§ WORK REQUEST
Leave the pictures out. Return the rest of the listing below exactly.

§ PROVIDED DATA
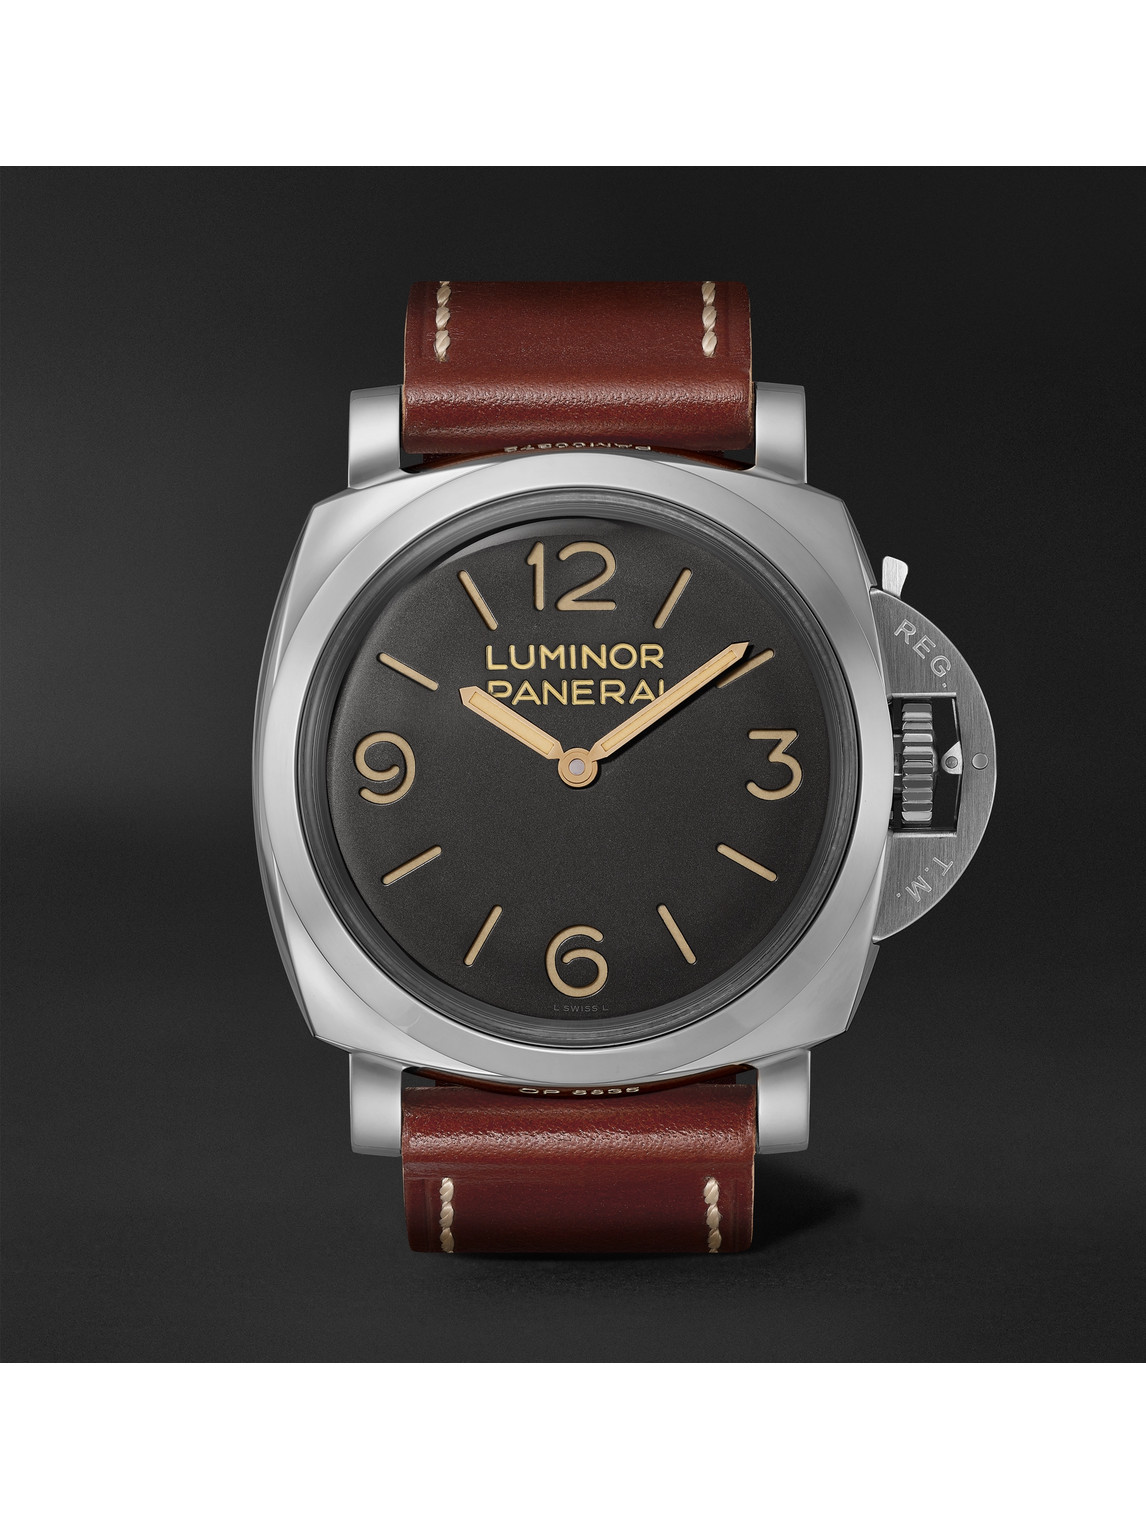 Panerai Luminor 1950 Hand-wound 47mm Stainless Steel And Leather Watch, Ref. No. Pam00372 In Black
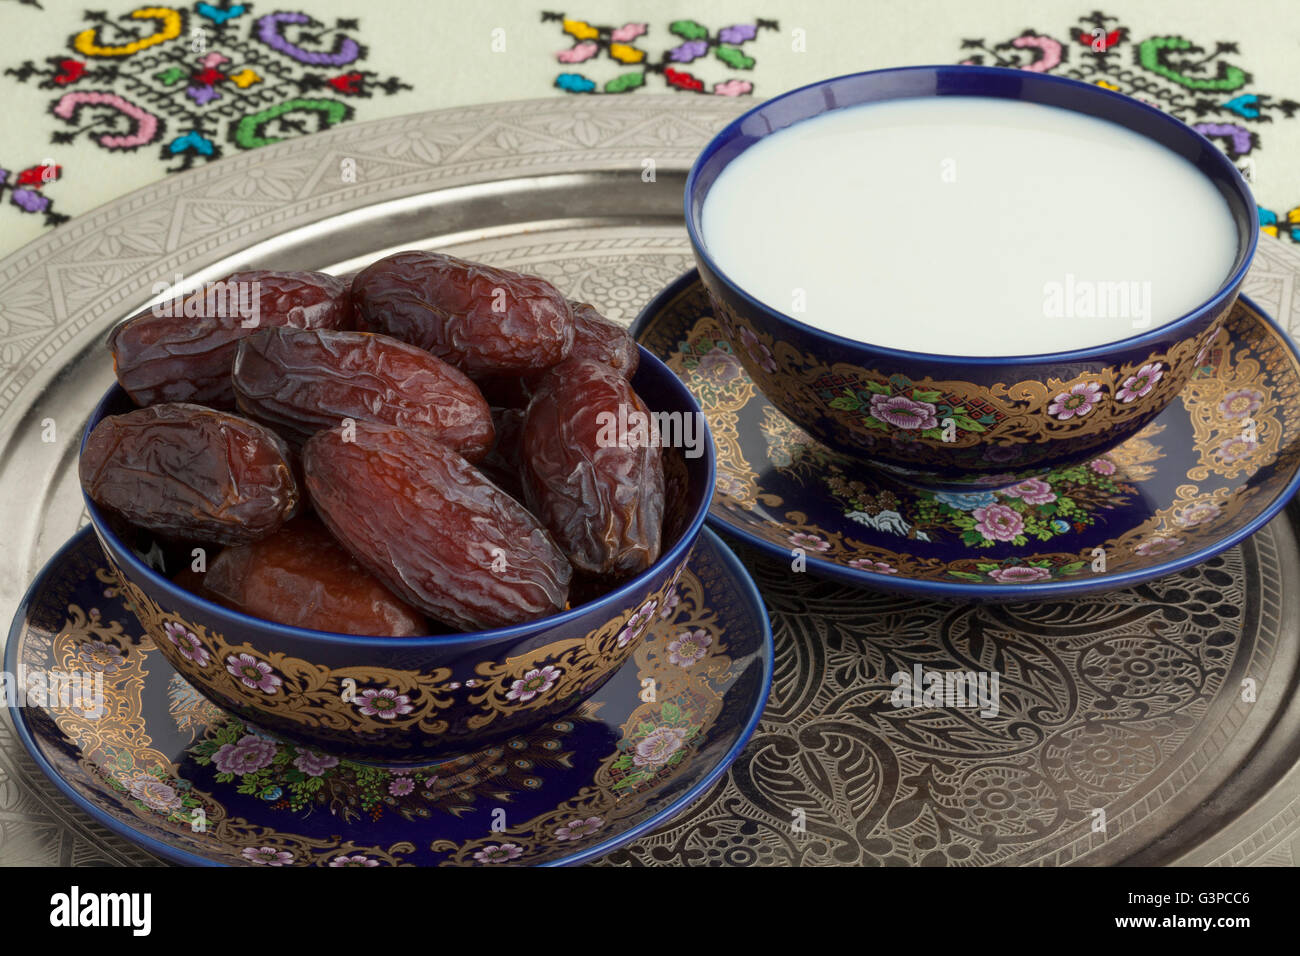 Festive Moroccan bowls with milk and dates Stock Photo
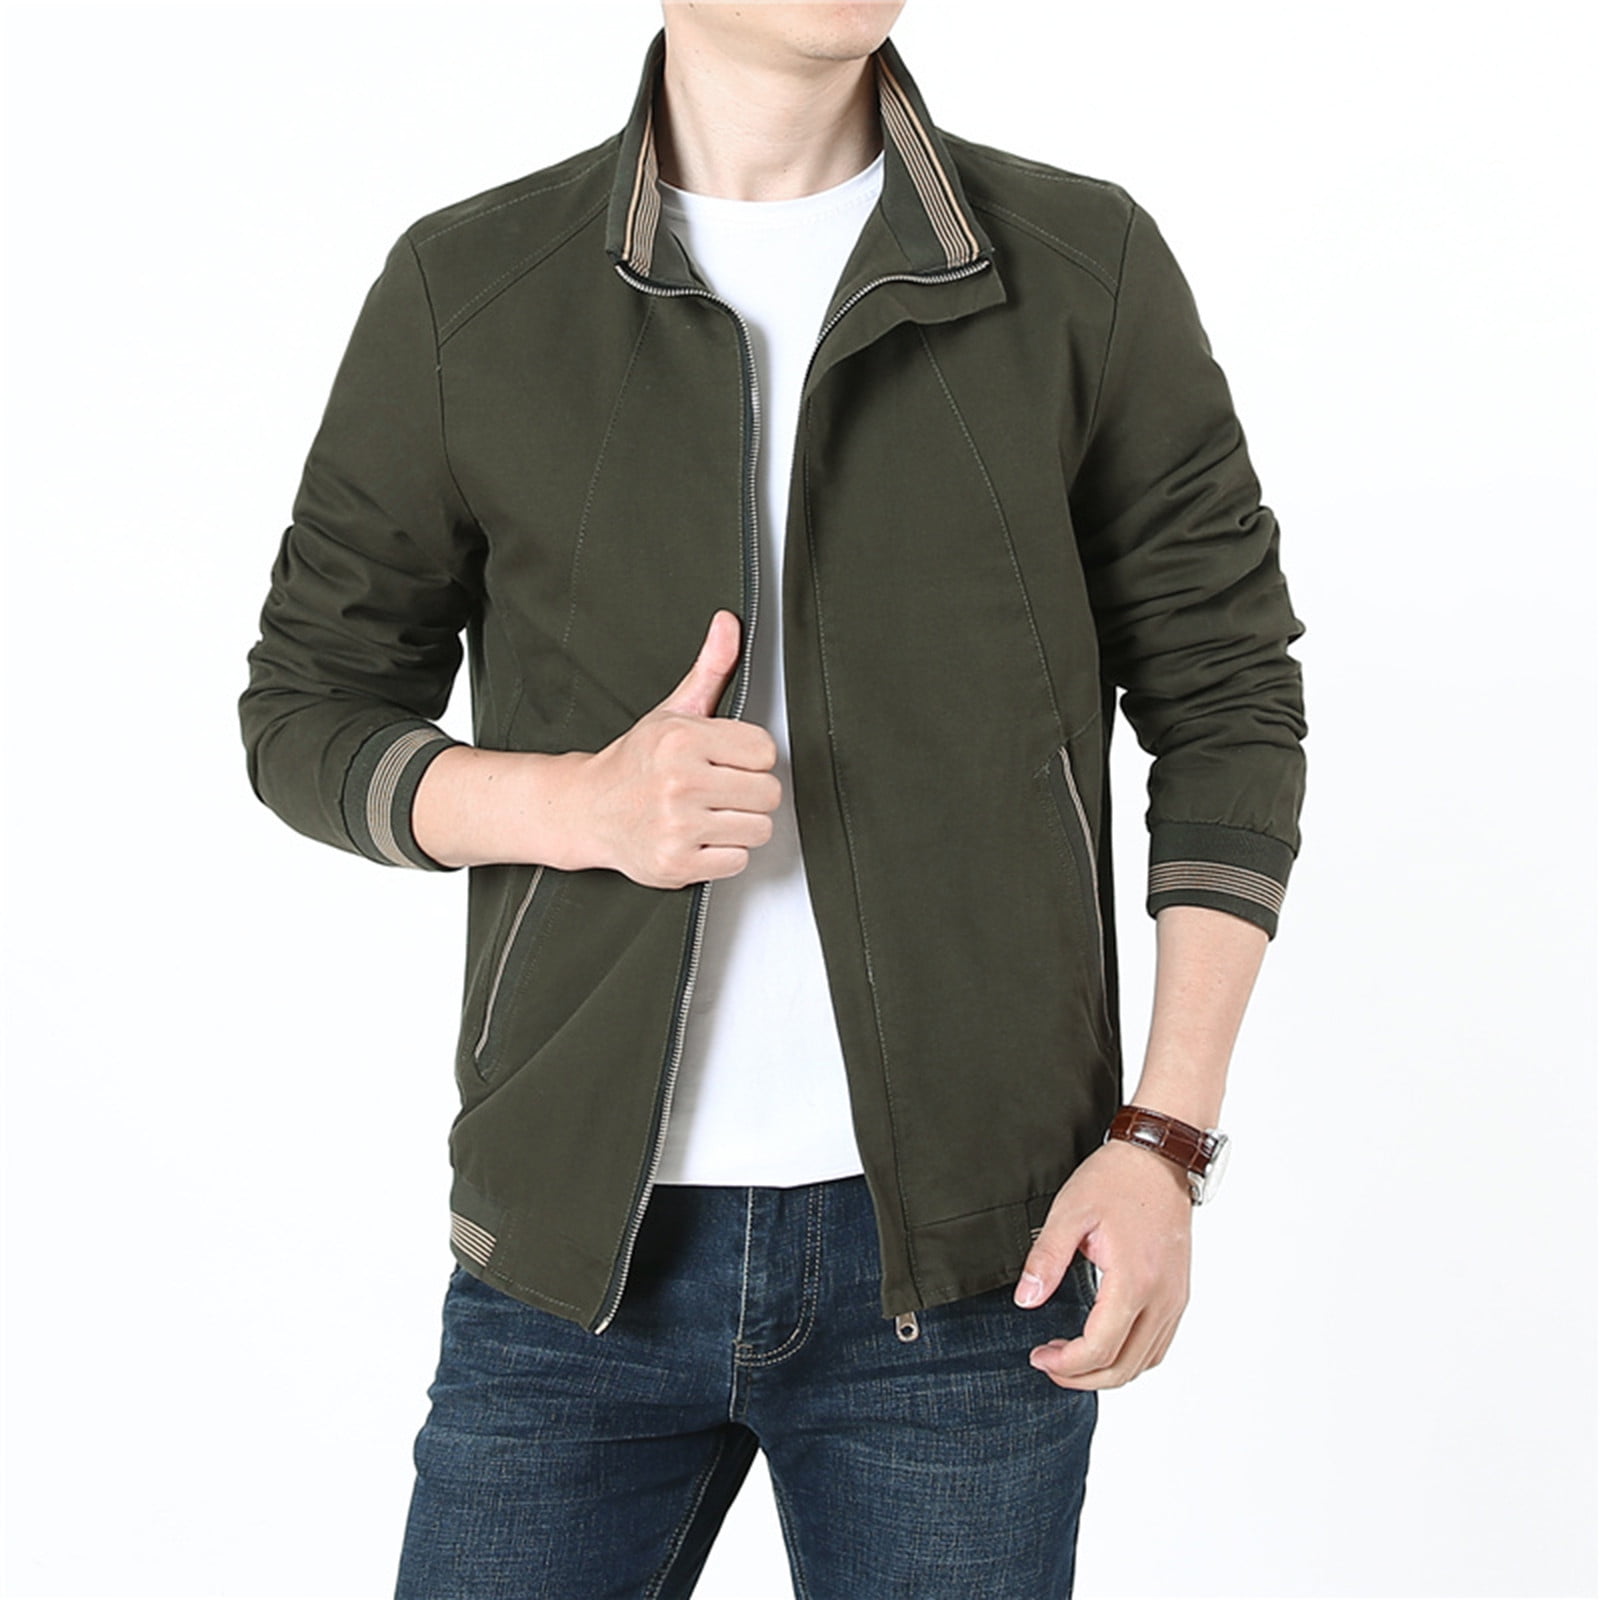 shenzhenyubairong Mens Jackets Casual Stylish Men Casual Long Sleeve Autumn Winter Stand Neck Top Blouse Coat Jacket with Pockets Down Jacket for Mens

§ EXERCISE SOLUTION
 Panerai Luminor 1950 Hand-wound 47mm Stainless Steel And Leather Watch, Ref. No. Pam00372 In Black
 Festive Moroccan bowls with milk and dates Stock Photo
 shenzhenyubairong Mens Jackets Casual Stylish Men Casual Long Sleeve Autumn Winter Stand Neck Top Blouse Coat Jacket with Pockets Down Jacket for Mens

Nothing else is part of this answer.